Yaralanma Altın

Video: Yaralanma Altın

Video: Yaralanma Altın
Video: Adıyaman'da Minibüsün Altında Kalan Genç Ağır Yaralandı (Mercan Tv) 2024, Nisan
Yaralanma Altın
Yaralanma Altın
Anonim

Efsaneye göre, bir gün Japon hükümdarı Ashikaga Yoshimasa çok sevdiği kasesini kırdı. Onu restore etmeyi emretti ve kupa Çin'e gönderildi. Ustalar kaseyi onardılar ve şoguna geri verdiler, ancak parçaları büyük parantezlerle bağladıkları ortaya çıktı. Ashikaga Yoshimasa yapılan işten memnun değildi ve Japon ustalara yeniden yapmalarını emretti. Sadece kırıkları birbirine bağlayıp kaseyi restore etmekle kalmadılar, aynı zamanda kintsugi tekniğini kullanarak benzersiz bir şey yarattılar. Kelimenin tam anlamıyla "altın yama" anlamına gelen bu restorasyon tekniğinin temeli, kırılma ve çatlakların maskelenmemesi, aksine altın, gümüş veya platin tozu ile karıştırılmış vernik ile doldurularak vurgulanmasıdır. Bu teknik kullanılarak restore edilen bir gemi, hatasız bir gemiden daha fazla değer kazanır ve her çatlak ve her bir parça onu benzersiz kılar.

Çoğu zaman zihinsel travmalarımız, ruhumuzu Frankenstein gibi bir yaratığa dönüştüren bu tür kaba parantezlerle mühürlenir. "Kusurlarımız" ve görünen kusurlarımız, yakıcı bir utanca ve onları gizleme, uzak bir kutuya koyma, kendi tarihimizi unutulmaya bırakma arzusuna neden olabilir. Travmanın varlığı, bir zamanlar ruhumuzun bir olaya tepki olarak ortaya çıkan duyguları sindirmeye hazır olmadığı anlamına gelir. Travma bizi daha da kötüleştirmez; travmatik olay bizim suçumuz değil, ancak travmayı kabul etmek ve onu değerli bir şeye dönüştürmek için altından (iç kaynaklardan) yoksunuz.

Donald Kalshed, travmatik bir deneyimin sonrasını anlatırken şöyle yazıyor: “Travmadan kurtulan kişi, bu deneyimi sıklıkla içsel bir “çöküş” duygusu olarak tanımlar… Kişilik böyle bir parçalanmaya maruz kaldığında, ruh için zor zamanlar gelir. Kişilik parçalanmışsa, ruh gelişemez ve büyüyemez. Parçalanmış bir psişe ile ruh, ilahi / insani bir içsel istikrar ve kendi kendine yeterlilik ilkesi olarak bedene hareket edemez ve içinde kalamaz. Belki bazen bir davetsiz misafir olarak ziyarete gelir, ancak ruhun böylesine titrek ve hayaletimsi bir varlığıyla, hareketli ve canlı olma hissi büyük ölçüde kaybolur. Bunun nedeni ruhun, tanımı gereği, canlanmanın ve canlılığın kaynağı, Tanrı vergisi ruhumuzun merkezi - içimizdeki yaşam kıvılcımı olmasıdır. Ancak bu, psişede hareket eden tek "kuvvet" değildir. Güç bakımından karşılaştırılabilir veya yukarıda bahsedilenden daha güçlü olan bir başka eğilim, bütünleşme ve bütünlük arzusudur. Ve eğer Jung haklıysa, bu bütünlük için bir "özlemimiz", bunun için içgüdüsel bir arzumuz var."
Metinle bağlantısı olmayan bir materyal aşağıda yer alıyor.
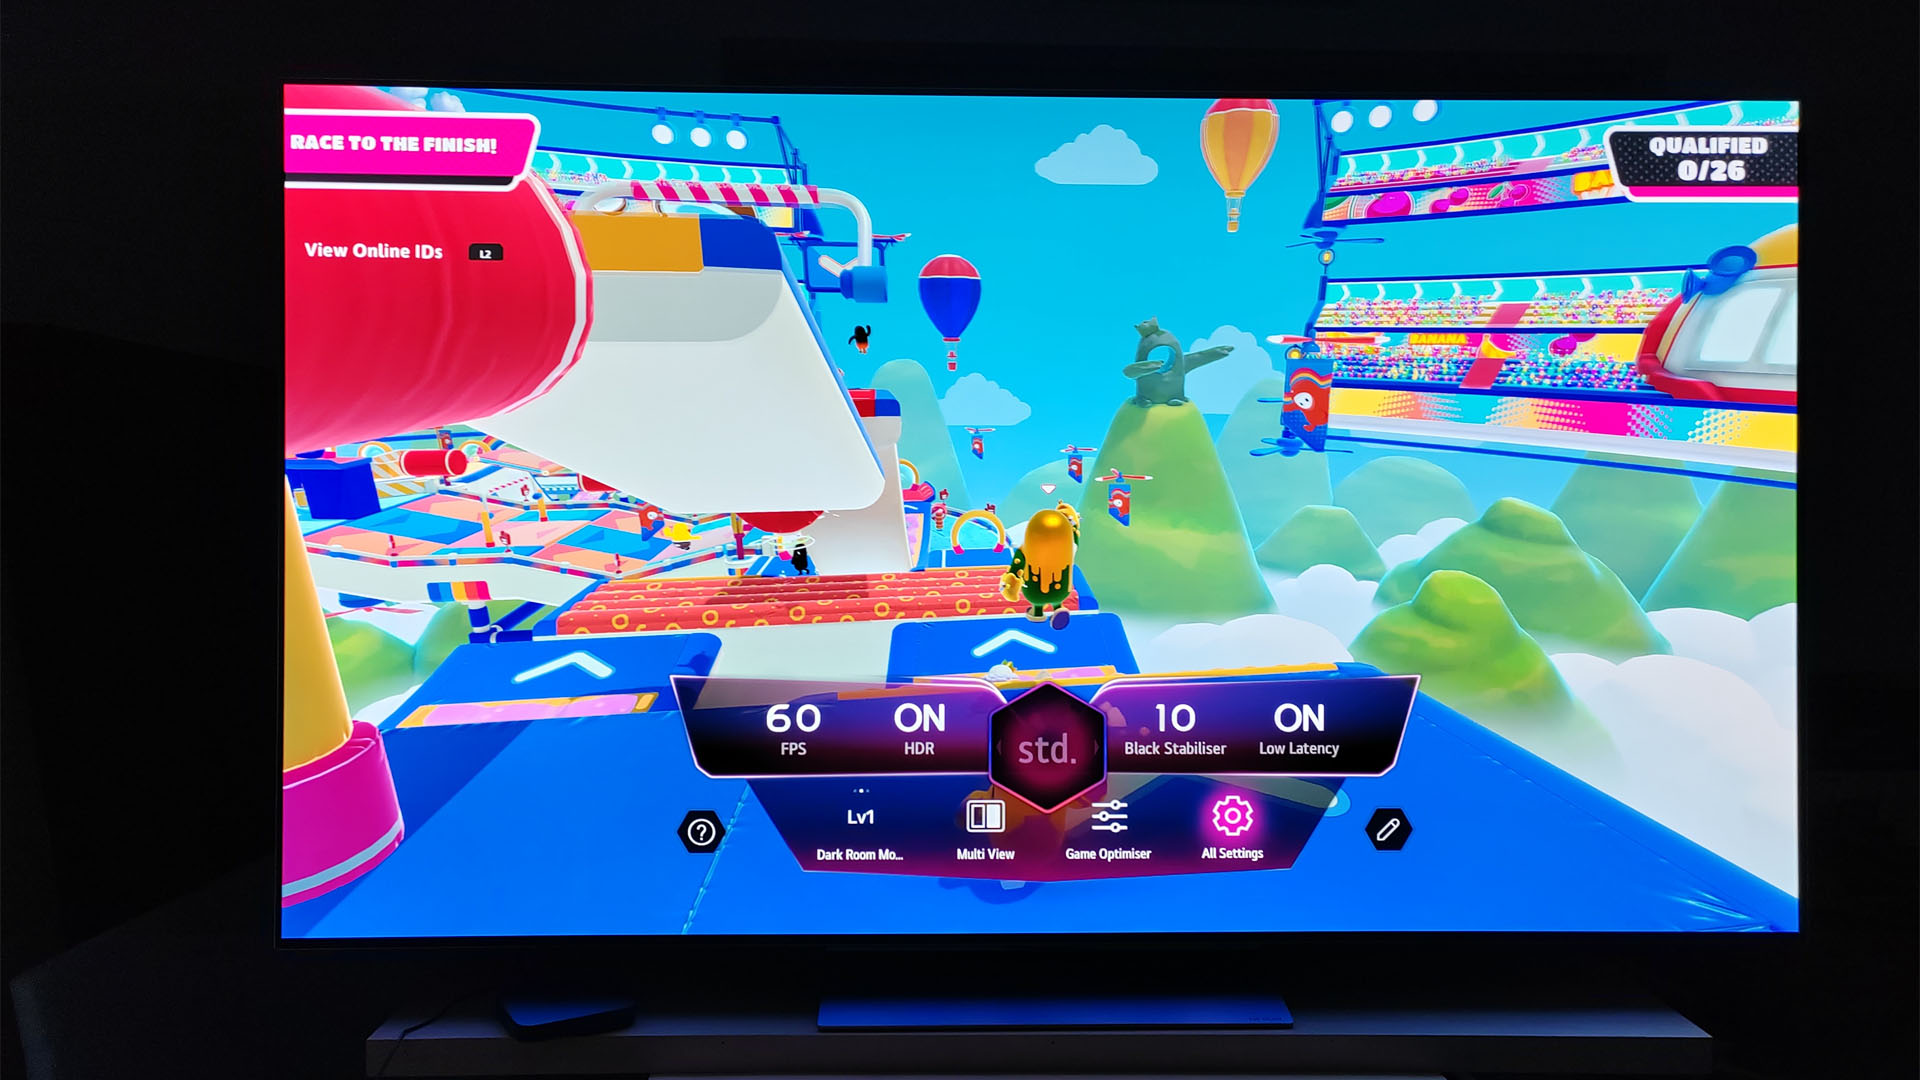 LG OLED G3's in-game UI showing a summary of its gamer features and settings - displayed over a game of fall guys

Bizi eşsiz kılan, yaşam deneyiminin ayrılmaz bir parçası olarak travmadır. Acı verici deneyimler de bir kaynak içerir ve travmanın içinde tutulan enerjiler gelişme potansiyelini gizler.

Travma bizi kendi canlılığımızdan koparır ama aynı zamanda şifa enerjilerinin kapısını da açar. Gerçek olmayan bir imajı sürdürmek yerine, geçmişinizi olduğu gibi tanımaya değer. Sonra pürüzlü dikişler ve çatlaklar yerine altın iplikler belirir.